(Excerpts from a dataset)

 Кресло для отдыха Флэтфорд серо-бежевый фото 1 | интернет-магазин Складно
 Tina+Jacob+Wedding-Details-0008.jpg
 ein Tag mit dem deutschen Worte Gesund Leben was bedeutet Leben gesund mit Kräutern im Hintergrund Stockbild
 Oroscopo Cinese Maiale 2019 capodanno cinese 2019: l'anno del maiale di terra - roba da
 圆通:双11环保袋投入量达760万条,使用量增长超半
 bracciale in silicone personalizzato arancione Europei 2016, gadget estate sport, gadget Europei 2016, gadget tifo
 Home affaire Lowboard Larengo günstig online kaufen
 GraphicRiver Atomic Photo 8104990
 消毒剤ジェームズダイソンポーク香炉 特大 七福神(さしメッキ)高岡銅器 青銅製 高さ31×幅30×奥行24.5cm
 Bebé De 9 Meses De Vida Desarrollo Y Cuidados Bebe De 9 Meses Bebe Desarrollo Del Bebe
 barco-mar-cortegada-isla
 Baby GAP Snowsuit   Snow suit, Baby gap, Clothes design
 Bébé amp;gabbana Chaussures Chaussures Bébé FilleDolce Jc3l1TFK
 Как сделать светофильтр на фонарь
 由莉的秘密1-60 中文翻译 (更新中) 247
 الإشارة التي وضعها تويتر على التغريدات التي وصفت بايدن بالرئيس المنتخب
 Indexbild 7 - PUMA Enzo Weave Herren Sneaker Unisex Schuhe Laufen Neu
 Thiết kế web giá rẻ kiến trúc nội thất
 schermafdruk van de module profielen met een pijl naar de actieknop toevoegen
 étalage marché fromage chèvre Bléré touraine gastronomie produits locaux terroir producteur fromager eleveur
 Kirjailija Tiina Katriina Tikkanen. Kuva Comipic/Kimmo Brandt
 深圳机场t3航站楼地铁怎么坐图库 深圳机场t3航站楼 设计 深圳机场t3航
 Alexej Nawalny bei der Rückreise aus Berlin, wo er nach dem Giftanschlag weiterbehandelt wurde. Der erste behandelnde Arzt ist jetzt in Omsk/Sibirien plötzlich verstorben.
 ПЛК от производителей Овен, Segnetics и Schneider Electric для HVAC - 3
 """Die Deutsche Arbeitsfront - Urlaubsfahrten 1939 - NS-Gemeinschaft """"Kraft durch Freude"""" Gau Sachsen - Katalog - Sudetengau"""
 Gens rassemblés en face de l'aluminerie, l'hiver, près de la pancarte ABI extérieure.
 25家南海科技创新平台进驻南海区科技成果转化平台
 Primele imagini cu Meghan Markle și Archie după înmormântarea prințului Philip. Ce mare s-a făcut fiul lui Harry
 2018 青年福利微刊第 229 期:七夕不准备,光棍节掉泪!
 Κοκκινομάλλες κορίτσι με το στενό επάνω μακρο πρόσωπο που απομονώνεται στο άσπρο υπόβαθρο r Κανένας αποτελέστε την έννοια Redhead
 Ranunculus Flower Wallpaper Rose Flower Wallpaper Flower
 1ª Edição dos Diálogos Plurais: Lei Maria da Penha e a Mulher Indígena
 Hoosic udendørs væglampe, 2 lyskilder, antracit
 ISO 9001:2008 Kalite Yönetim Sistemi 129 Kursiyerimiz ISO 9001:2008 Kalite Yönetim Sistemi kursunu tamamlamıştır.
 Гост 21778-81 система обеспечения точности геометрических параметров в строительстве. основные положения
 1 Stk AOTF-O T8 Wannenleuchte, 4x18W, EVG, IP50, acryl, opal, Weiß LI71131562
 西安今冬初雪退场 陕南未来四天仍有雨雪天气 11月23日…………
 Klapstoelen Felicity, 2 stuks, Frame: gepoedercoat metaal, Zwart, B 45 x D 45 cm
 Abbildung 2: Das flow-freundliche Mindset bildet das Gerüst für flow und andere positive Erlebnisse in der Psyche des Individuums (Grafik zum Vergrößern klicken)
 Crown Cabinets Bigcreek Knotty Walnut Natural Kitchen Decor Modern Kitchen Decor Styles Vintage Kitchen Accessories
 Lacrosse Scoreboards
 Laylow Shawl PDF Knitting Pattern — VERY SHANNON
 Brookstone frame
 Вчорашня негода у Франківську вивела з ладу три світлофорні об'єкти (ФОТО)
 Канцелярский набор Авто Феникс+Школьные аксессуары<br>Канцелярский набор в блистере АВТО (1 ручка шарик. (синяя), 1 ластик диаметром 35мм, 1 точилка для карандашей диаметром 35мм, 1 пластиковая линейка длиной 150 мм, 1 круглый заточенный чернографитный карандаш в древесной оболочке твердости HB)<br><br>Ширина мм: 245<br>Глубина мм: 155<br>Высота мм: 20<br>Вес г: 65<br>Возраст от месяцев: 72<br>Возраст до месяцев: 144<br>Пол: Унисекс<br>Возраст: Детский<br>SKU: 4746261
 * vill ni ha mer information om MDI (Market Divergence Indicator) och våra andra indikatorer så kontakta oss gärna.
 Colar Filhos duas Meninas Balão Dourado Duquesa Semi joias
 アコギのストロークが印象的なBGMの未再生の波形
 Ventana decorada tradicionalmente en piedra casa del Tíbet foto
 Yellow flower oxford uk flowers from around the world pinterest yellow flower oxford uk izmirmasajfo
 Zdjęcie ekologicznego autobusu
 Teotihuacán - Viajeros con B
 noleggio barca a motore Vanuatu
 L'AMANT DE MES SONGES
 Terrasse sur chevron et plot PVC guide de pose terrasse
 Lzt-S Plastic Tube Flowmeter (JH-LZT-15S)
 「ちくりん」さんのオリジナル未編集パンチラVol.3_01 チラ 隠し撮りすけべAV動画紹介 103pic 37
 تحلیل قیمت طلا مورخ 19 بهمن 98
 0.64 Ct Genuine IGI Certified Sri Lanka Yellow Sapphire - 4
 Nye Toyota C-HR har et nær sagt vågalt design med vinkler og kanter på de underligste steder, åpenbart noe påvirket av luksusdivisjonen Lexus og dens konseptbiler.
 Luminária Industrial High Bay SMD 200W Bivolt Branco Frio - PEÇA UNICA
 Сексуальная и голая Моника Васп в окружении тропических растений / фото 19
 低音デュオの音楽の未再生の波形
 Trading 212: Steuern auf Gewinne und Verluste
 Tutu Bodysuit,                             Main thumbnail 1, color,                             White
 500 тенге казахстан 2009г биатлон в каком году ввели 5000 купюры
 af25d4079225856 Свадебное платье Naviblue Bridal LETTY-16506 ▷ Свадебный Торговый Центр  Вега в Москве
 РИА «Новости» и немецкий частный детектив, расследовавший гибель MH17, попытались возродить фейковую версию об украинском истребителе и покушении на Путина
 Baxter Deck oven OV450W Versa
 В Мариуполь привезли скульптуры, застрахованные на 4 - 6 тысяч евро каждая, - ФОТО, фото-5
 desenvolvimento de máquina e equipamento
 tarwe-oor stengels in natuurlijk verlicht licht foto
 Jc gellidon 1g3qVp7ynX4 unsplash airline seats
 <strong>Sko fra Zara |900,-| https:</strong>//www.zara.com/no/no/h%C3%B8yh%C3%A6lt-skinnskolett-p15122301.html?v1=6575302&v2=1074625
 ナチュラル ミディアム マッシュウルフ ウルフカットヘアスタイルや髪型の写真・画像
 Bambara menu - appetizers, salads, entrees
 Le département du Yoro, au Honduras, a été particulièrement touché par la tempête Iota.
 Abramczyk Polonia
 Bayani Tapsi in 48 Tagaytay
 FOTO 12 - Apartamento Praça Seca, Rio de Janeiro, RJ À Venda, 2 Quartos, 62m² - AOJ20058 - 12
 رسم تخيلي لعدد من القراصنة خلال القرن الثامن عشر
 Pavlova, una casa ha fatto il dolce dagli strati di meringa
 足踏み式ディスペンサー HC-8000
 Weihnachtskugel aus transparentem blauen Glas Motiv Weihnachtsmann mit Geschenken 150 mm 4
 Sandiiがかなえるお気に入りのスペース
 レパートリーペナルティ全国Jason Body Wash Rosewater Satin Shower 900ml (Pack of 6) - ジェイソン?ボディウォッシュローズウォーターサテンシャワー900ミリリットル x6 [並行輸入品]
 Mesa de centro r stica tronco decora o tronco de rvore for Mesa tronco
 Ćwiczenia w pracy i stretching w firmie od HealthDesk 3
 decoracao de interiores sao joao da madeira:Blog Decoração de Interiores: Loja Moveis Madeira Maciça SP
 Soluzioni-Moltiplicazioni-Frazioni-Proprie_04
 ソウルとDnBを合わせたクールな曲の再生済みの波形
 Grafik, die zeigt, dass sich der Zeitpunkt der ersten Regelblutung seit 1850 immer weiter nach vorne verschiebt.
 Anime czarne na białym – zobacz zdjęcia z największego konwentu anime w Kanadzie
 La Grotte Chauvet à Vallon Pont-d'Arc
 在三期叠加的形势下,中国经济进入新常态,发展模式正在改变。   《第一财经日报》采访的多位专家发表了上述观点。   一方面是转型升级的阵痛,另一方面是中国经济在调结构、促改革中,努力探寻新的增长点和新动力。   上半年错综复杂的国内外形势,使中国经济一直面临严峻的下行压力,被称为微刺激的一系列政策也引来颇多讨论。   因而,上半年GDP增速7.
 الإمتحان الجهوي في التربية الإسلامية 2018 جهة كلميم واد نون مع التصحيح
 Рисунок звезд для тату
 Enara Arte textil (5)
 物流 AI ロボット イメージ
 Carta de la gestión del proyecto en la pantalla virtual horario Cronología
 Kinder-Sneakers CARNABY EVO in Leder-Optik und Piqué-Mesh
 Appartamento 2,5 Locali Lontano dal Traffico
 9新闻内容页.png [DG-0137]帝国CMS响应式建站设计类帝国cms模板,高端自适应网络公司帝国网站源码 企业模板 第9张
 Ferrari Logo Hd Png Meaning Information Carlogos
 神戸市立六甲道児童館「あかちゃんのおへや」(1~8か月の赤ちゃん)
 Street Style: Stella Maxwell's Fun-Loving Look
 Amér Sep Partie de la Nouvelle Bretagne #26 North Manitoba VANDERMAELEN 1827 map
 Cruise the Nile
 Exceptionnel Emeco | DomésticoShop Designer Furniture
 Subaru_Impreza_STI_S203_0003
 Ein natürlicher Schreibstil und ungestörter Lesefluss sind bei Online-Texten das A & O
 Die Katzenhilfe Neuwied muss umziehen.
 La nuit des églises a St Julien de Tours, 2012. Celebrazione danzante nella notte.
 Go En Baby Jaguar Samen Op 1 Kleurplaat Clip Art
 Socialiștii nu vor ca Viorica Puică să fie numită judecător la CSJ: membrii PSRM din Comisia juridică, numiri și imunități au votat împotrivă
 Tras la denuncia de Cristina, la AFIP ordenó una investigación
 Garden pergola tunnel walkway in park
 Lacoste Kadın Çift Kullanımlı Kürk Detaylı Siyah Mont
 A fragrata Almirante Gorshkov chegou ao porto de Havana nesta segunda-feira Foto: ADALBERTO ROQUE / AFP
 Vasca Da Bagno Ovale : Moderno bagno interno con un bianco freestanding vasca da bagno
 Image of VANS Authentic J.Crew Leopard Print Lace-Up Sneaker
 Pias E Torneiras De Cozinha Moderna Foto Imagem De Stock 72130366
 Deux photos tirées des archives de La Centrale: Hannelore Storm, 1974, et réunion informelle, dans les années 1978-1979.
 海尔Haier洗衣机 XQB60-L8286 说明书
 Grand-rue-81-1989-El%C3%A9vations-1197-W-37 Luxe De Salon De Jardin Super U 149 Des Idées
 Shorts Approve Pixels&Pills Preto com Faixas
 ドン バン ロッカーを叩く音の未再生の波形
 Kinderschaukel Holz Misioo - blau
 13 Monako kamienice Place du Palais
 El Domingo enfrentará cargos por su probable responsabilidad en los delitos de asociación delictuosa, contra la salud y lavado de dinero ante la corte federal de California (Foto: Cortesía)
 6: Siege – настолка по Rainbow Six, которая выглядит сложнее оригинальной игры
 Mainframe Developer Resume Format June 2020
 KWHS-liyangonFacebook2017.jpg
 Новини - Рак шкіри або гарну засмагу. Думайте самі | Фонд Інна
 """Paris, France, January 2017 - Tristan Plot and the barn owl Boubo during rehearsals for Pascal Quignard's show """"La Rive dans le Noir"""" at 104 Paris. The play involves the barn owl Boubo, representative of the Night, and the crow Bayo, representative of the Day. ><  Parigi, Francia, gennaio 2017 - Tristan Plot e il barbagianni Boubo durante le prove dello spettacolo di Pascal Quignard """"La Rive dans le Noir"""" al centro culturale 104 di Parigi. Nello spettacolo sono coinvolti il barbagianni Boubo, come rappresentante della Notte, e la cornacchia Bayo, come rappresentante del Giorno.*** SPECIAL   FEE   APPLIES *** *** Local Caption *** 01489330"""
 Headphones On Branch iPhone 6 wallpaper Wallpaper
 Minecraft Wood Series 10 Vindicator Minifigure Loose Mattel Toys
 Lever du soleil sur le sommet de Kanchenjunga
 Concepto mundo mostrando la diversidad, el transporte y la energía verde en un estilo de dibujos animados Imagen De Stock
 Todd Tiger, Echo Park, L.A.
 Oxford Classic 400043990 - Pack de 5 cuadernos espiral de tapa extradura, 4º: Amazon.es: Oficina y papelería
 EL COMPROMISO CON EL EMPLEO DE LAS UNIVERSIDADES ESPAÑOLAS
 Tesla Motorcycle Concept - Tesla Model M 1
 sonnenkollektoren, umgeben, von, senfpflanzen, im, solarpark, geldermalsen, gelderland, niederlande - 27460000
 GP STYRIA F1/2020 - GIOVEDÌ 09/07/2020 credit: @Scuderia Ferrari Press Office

#### EXERCISE PROMPT
Return, word for word, the lines of the data above from the line with "noleggio barca a motore Vanuatu" through the line with "0.64 Ct Genuine", inclusive.

#### PROBLEM SOLUTION
 noleggio barca a motore Vanuatu
 L'AMANT DE MES SONGES
 Terrasse sur chevron et plot PVC guide de pose terrasse
 Lzt-S Plastic Tube Flowmeter (JH-LZT-15S)
 「ちくりん」さんのオリジナル未編集パンチラVol.3_01 チラ 隠し撮りすけべAV動画紹介 103pic 37
 تحلیل قیمت طلا مورخ 19 بهمن 98
 0.64 Ct Genuine IGI Certified Sri Lanka Yellow Sapphire - 4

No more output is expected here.